Choe Eun Kyung, Rhee Hwanseok, Lee Seungjae, Shin Eunsoon, Oh Seung-Won, Lee Jong-Eun, Choi Seung Ho
Department of Surgery, Seoul National University Hospital, Healthcare System Gangnam Center, Seoul 06236, Korea.
DNALink, Inc., Seoul 03759, Korea.
Genomics Inform. 2018 Dec;16(4):e31. doi: 10.5808/GI.2018.16.4.e31. Epub 2018 Dec 28.
The prevalence of metabolic syndrome (MS) in the nonobese population is not low. However, the identification and risk mitigation of MS are not easy in this population. We aimed to develop an MS prediction model using genetic and clinical factors of nonobese Koreans through machine learning methods. A prediction model for MS was designed for a nonobese population using clinical and genetic polymorphism information with five machine learning algorithms, including naïve Bayes classification (NB). The analysis was performed in two stages (training and test sets). Model A was designed with only clinical information (age, sex, body mass index, smoking status, alcohol consumption status, and exercise status), and for model B, genetic information (for 10 polymorphisms) was added to model A. Of the 7,502 nonobese participants, 647 (8.6%) had MS. In the test set analysis, for the maximum sensitivity criterion, NB showed the highest sensitivity: 0.38 for model A and 0.42 for model B. The specificity of NB was 0.79 for model A and 0.80 for model B. In a comparison of the performances of models A and B by NB, model B (area under the receiver operating characteristic curve [AUC] = 0.69, clinical and genetic information input) showed better performance than model A (AUC = 0.65, clinical information only input).

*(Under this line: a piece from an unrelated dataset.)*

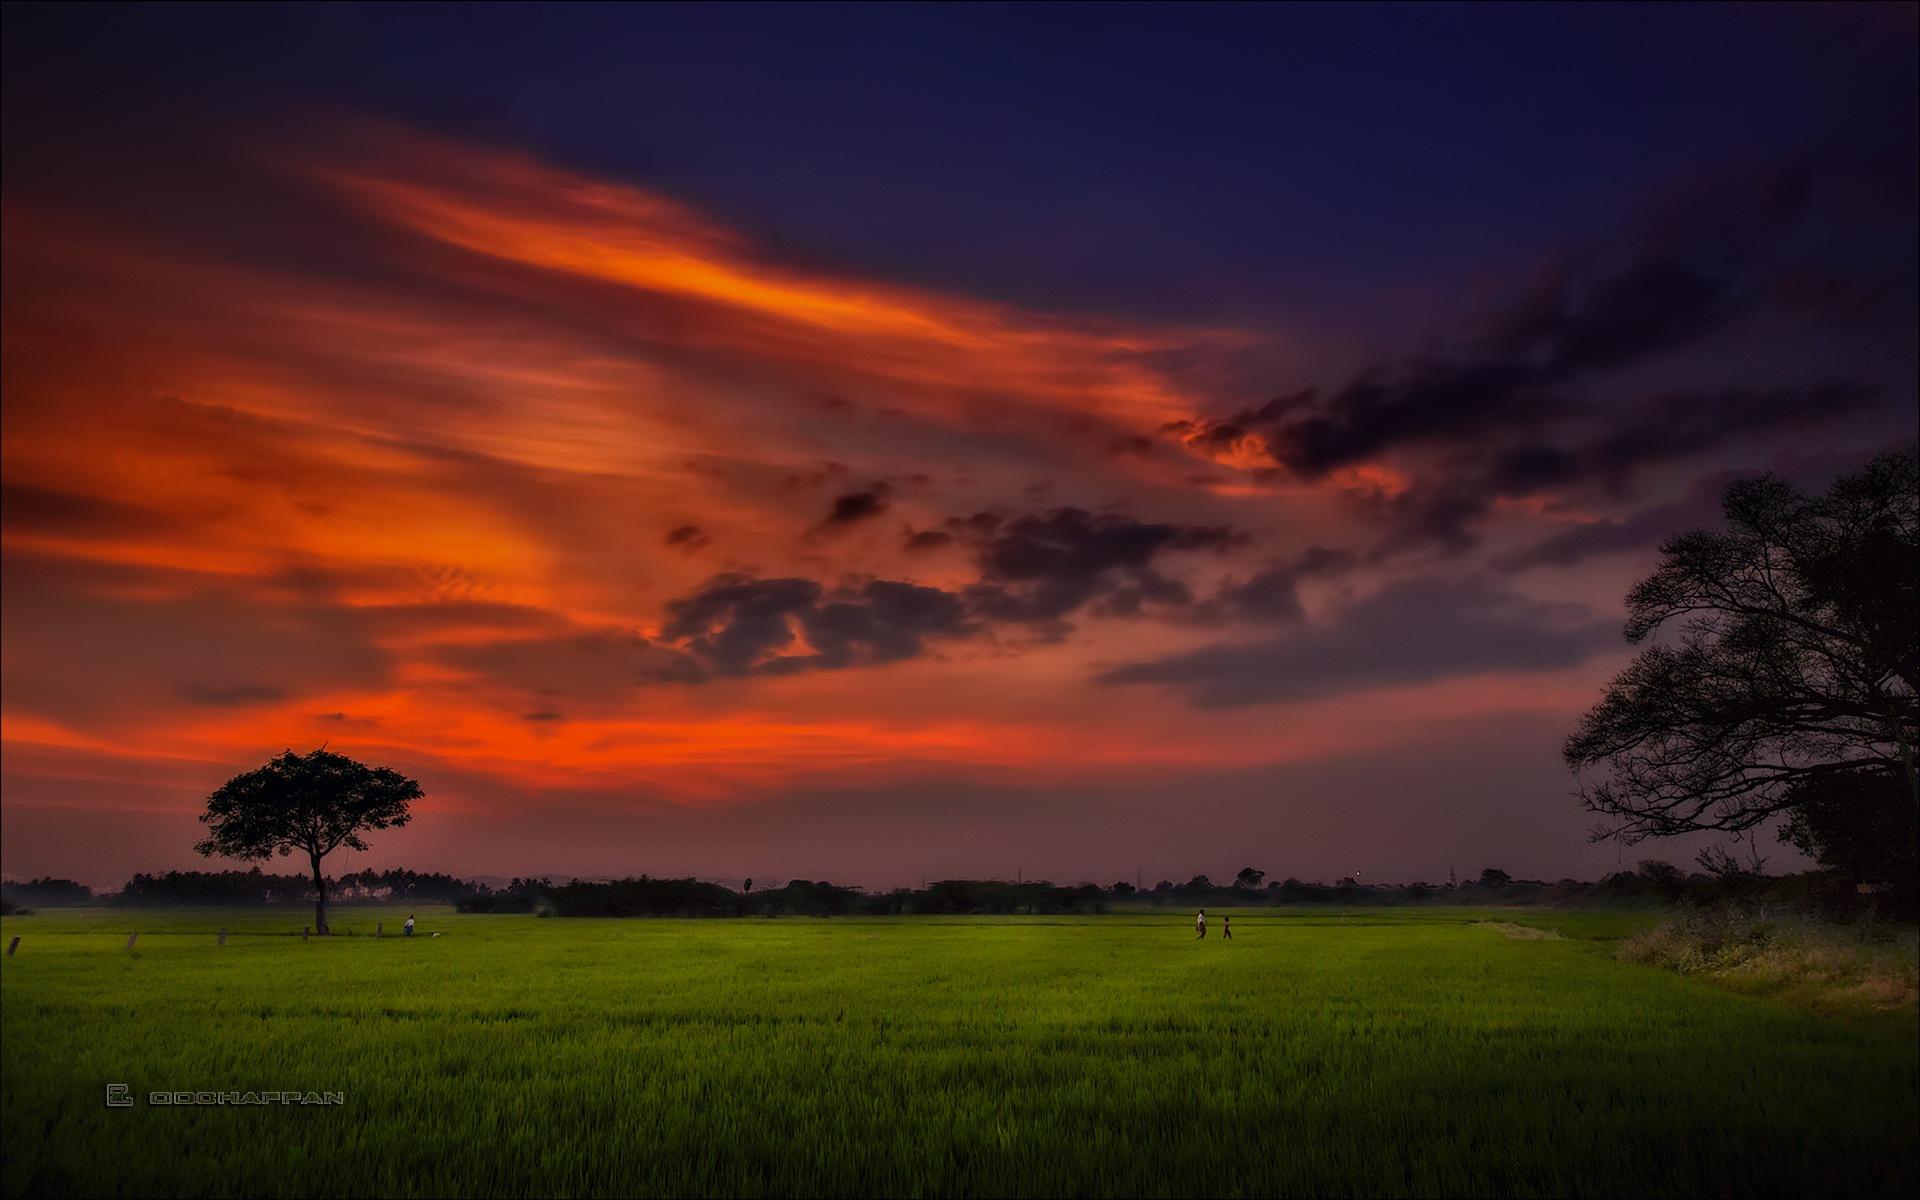 Panangadi rice field after sundown by oochappan

We designed a prediction model for MS in a nonobese population using clinical and genetic information. With this model, we might convince nonobese MS individuals to undergo health checks and adopt behaviors associated with a preventive lifestyle.

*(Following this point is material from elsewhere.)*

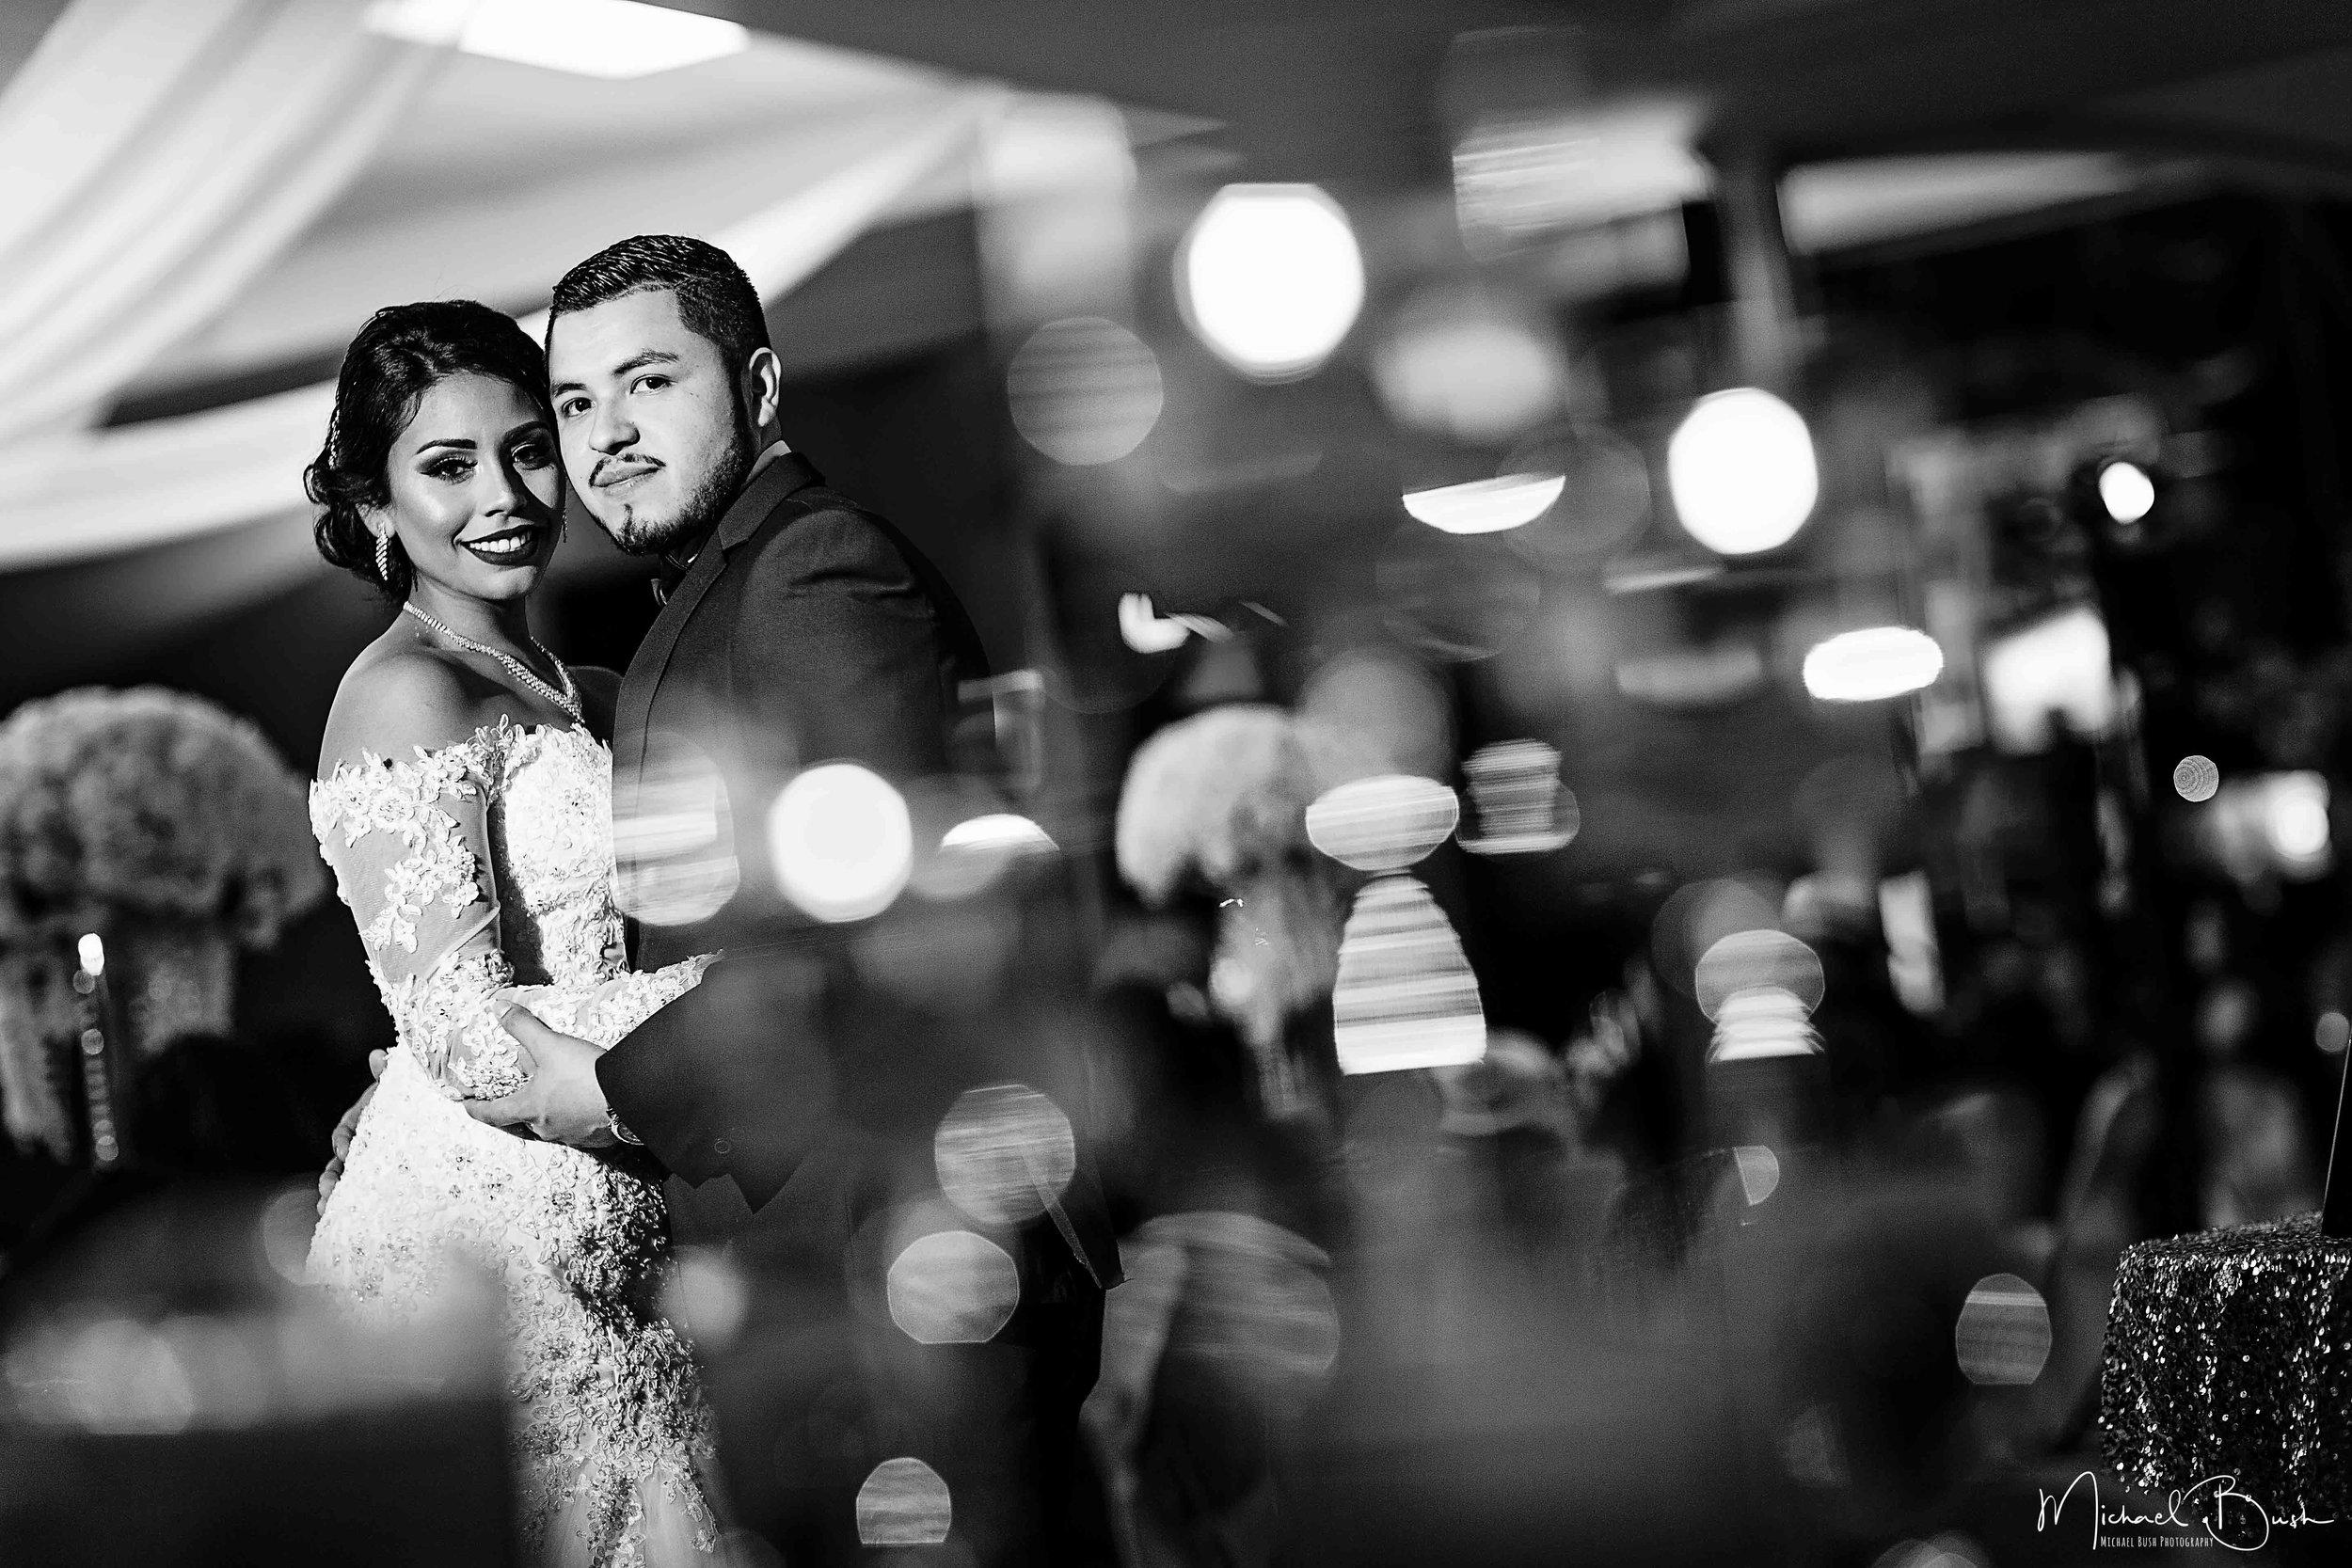 Wedding-Reception-Detials-Fort-Worth-Venue-b&w-kiss-wedding-kiss-ido.jpg

非肥胖人群中代谢综合征(MS)的患病率并不低。然而,在这一人群中识别MS并降低其风险并非易事。我们旨在通过机器学习方法,利用非肥胖韩国人的遗传和临床因素开发一个MS预测模型。使用包括朴素贝叶斯分类(NB)在内的五种机器学习算法,结合临床和基因多态性信息,为非肥胖人群设计了一个MS预测模型。分析分两个阶段进行(训练集和测试集)。模型A仅采用临床信息(年龄、性别、体重指数、吸烟状况、饮酒状况和运动状况)进行设计,模型B则在模型A的基础上增加了基因信息(10种多态性)。在7502名非肥胖参与者中,647人(8.6%)患有MS。在测试集分析中,按照最大敏感性标准,NB表现出最高的敏感性:模型A为0.38,模型B为0.42。模型A中NB的特异性为0.79,模型B为0.80。通过NB比较模型A和模型B的性能,模型B(受试者操作特征曲线下面积[AUC]=0.69,输入临床和基因信息)的表现优于模型A(AUC=0.65,仅输入临床信息)。我们利用临床和基因信息为非肥胖人群设计了一个MS预测模型。借助这个模型,我们或许能够说服非肥胖的MS患者接受健康检查,并采取与预防性生活方式相关的行为。